DATE: Thursday, April 10, 1997               TAG: 9704100067
SECTION: NATIONAL/INTERNATIONAL   PAGE: A-1  EDITION: METRO 
DATELINE: WASHINGTON
SOURCE: THE WASHINGTON POST


GULF WAR REVELATIONS ANGER VETERANS CIA HAD BUT DIDN'T NOTICE INFO

An agency spokesman apologized for not getting information about chemical weapons out to the troops.

The CIA said Wednesday it had numerous reports starting in 1984 that chemical weapons were stored in an Iraqi ammunition depot that U.S. troops blew up after the Persian Gulf War, but said it had failed to adequately alert the military.

The disclosure contradicted three years of CIA accounts of what it knew about poison-gas weapons in Iraq, including a statement made six weeks ago by acting CIA Director George Tenet.

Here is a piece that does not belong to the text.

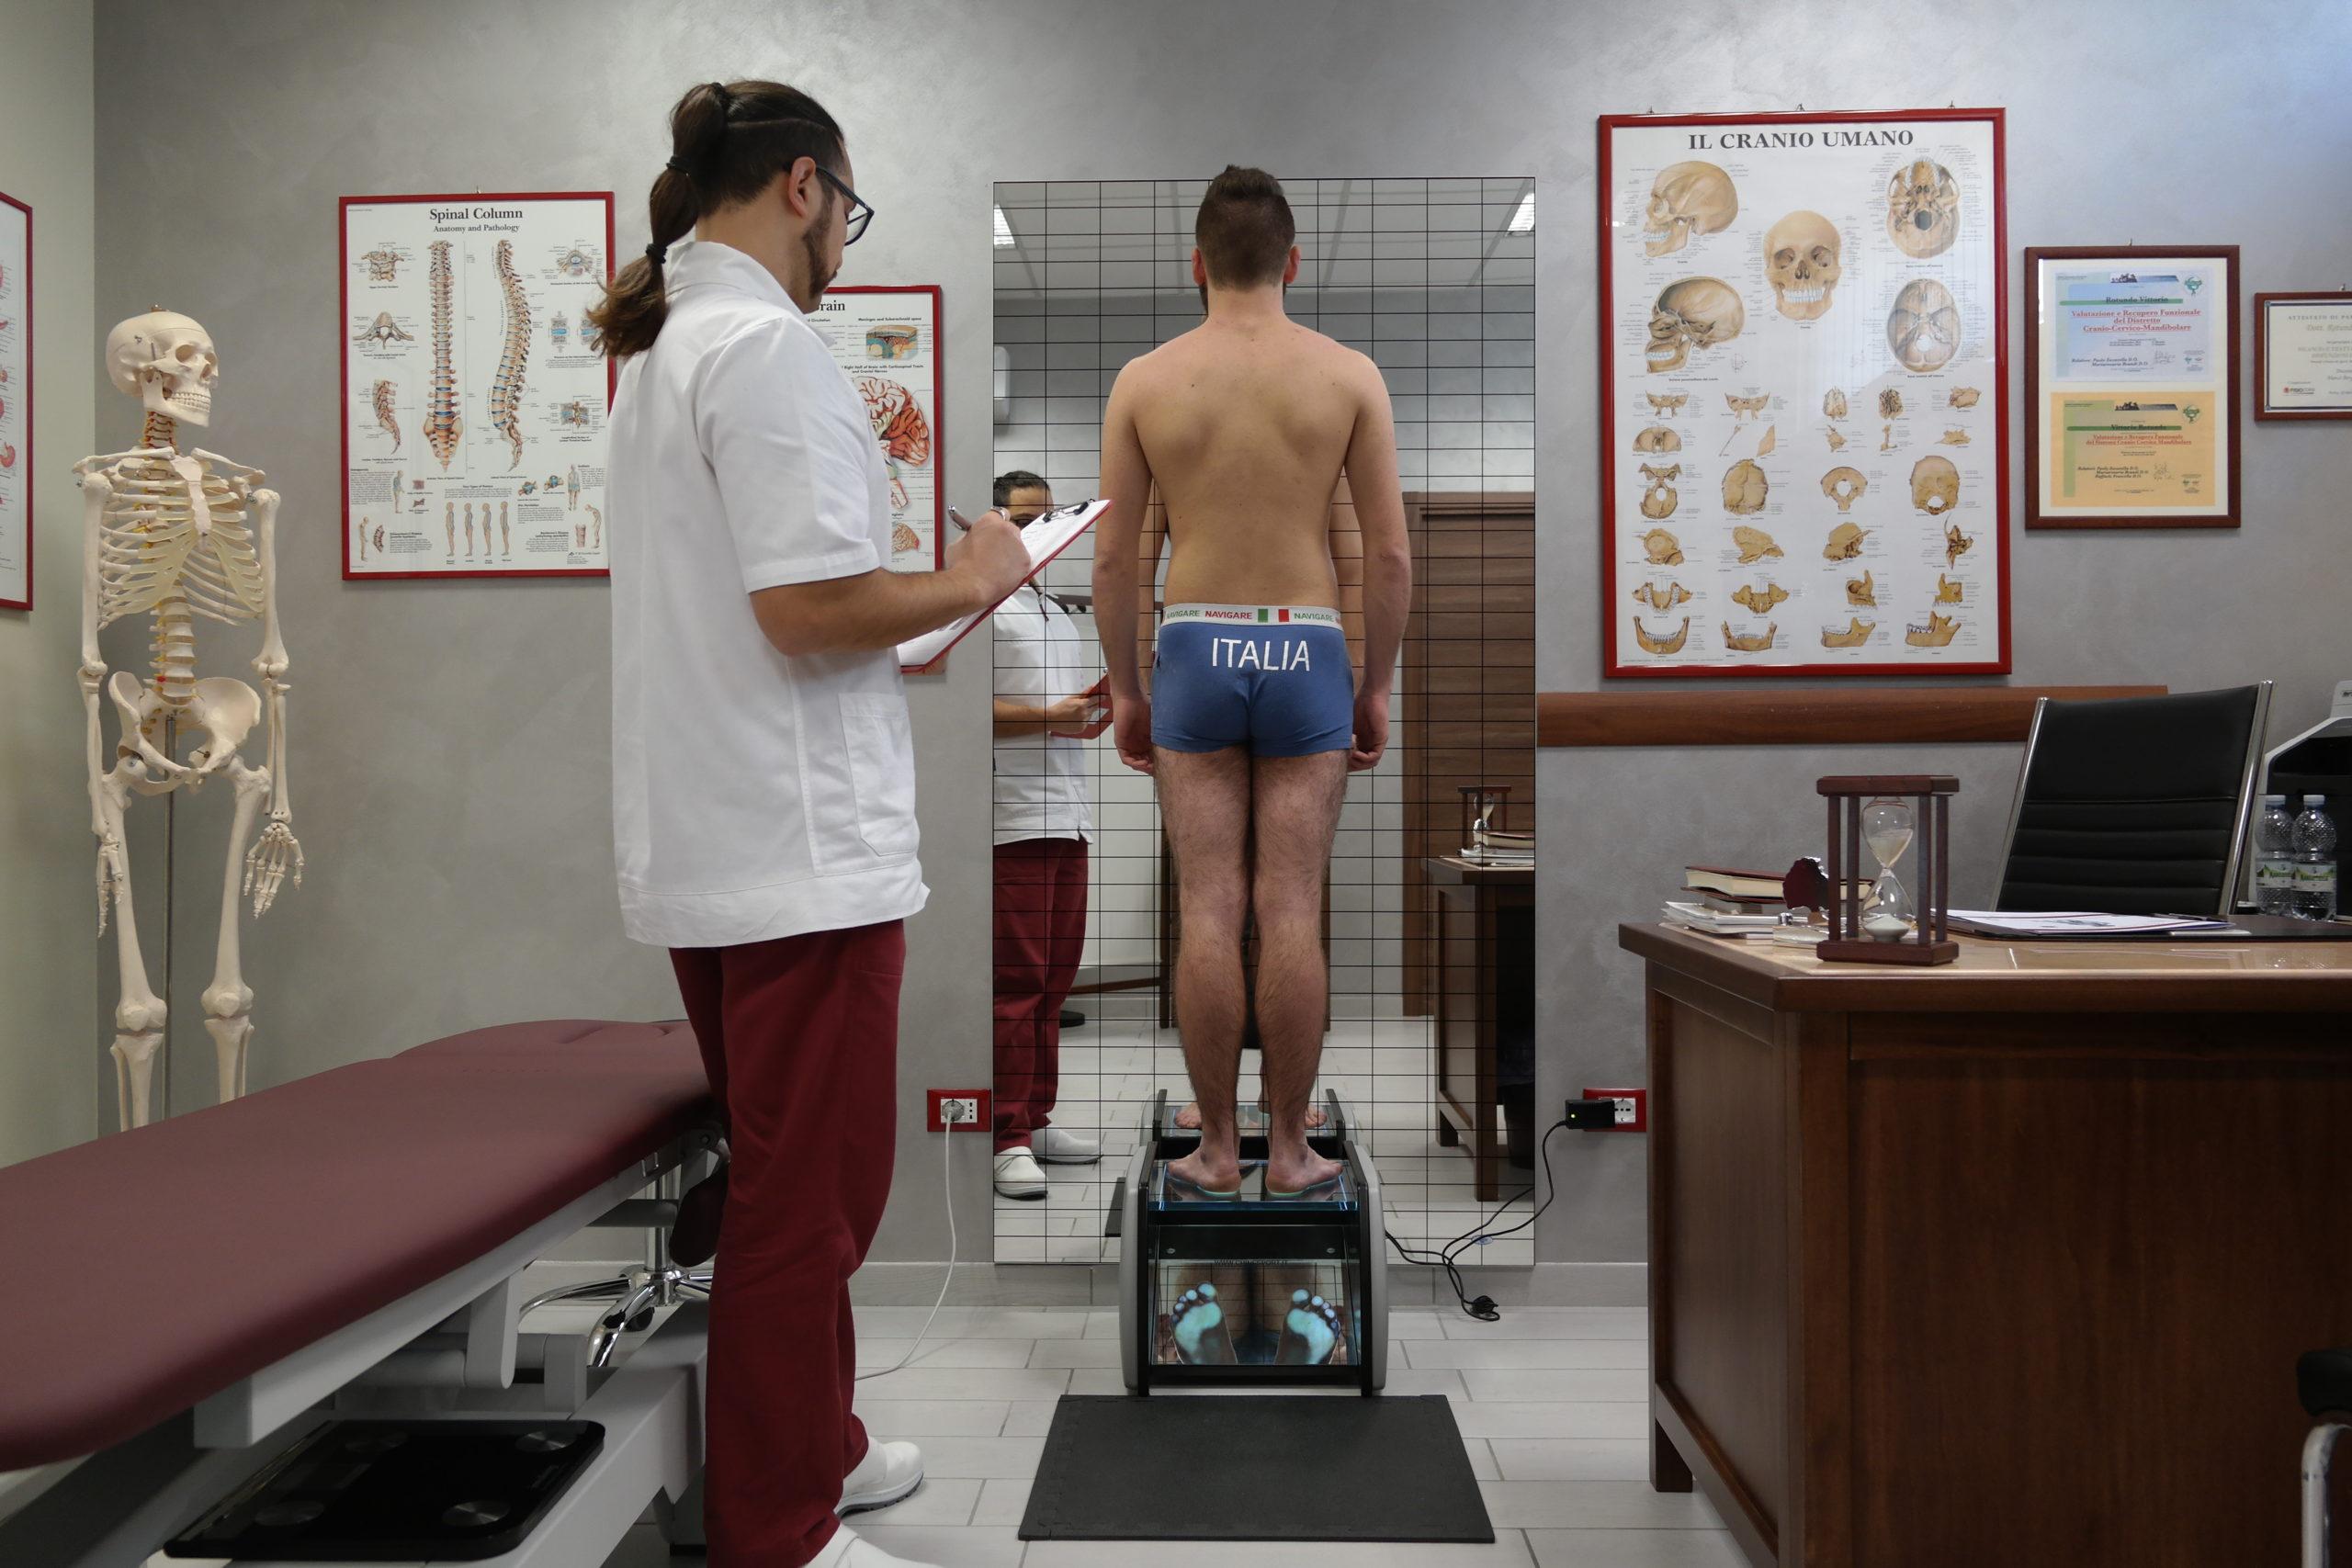 Analisi posturale: perché è importante

He said then that the agency had not specifically identified the Khamisiyah weapons site as a chemical-weapons area prior to its destruction in March 1991.

The description was provided in a 24-page report issued by an agency task force set up by Tenet last month. The head of the group gave what amounted to a rare public apology to Gulf War veterans.

``Intelligence support before, during and after the war should have been better,'' Robert Walpole said. ``If you're looking for an apology that we should have given this information out sooner, I'll give that apology. We should have gotten it out sooner.''

Walpole cited failures by the agency, including ``tunnel vision'' of analysts who failed to research the agency's records during and after the war. He also cited their fixation on the belief that the Iraqis stored chemical weapons only in S-shaped buildings, unlike those at Khamisiyah.

The agency disclosed reports laying out a series of warnings beginning in 1984 and up until days before U.S. troops arrived seven years later. A day before the ground war began, an unidentified U.S. ambassador relayed information that apparently came from an Iranian air force source giving precise geographic coordinates and saying chemical weapons were there.

The CIA passed that information to the U.S. military's Central Command, which is responsible for the Gulf region. But a CIA analyst the next day confused the location with another depot and cabled that the agency couldn't find a chemical threat.

Khamisiyah has become the focus of controversy because it was the only place where the U.S. government says American troops might have been exposed. When U.S. troops blew up the depot there, they did not know the massive underground facility contained hundreds of rockets containing the nerve gas sarin.

Many veterans believe exposure to chemical weapons caused the myriad illnesses, known as Gulf War syndrome. However, there has been no evidence linking low-level exposure to such ailments. Although government doctors do not dispute that the veterans are ill, some researchers have said that stress is the most likely cause.

Wednesday's disclosure is a fresh example in a series of revisions of what the government knew. The Pentagon denied for five years that any American troops had been exposed to chemical weapons, until it made what it called its watershed announcement about Khamisiyah 10 months ago.

Wednesday, Walpole said earlier statements by Tenet, who has been nominated to be CIA director, were based on his best knowledge at the time. Walpole said many of the records on which his report was based had only recently been discovered and declassified.

Some veterans advocates doubted that account.

``Now it seems that prior to, during and after the war they had a great deal of information,'' said James Tuite III, a leading veterans activist. ``This is either evidence of an unraveling cover-up or an unprecedented intelligence failure.''

Defense Department spokesman Bryan Whitman said the Pentagon inspector general has been asked to investigate the revelations that the military's Central Command and the Army's regional command were informed of the likelihood of chemical weapons prior to their destruction. Apparently, that information was never passed to the troops.

"We're still looking at where the information went and how it was disseminated," Whitman said.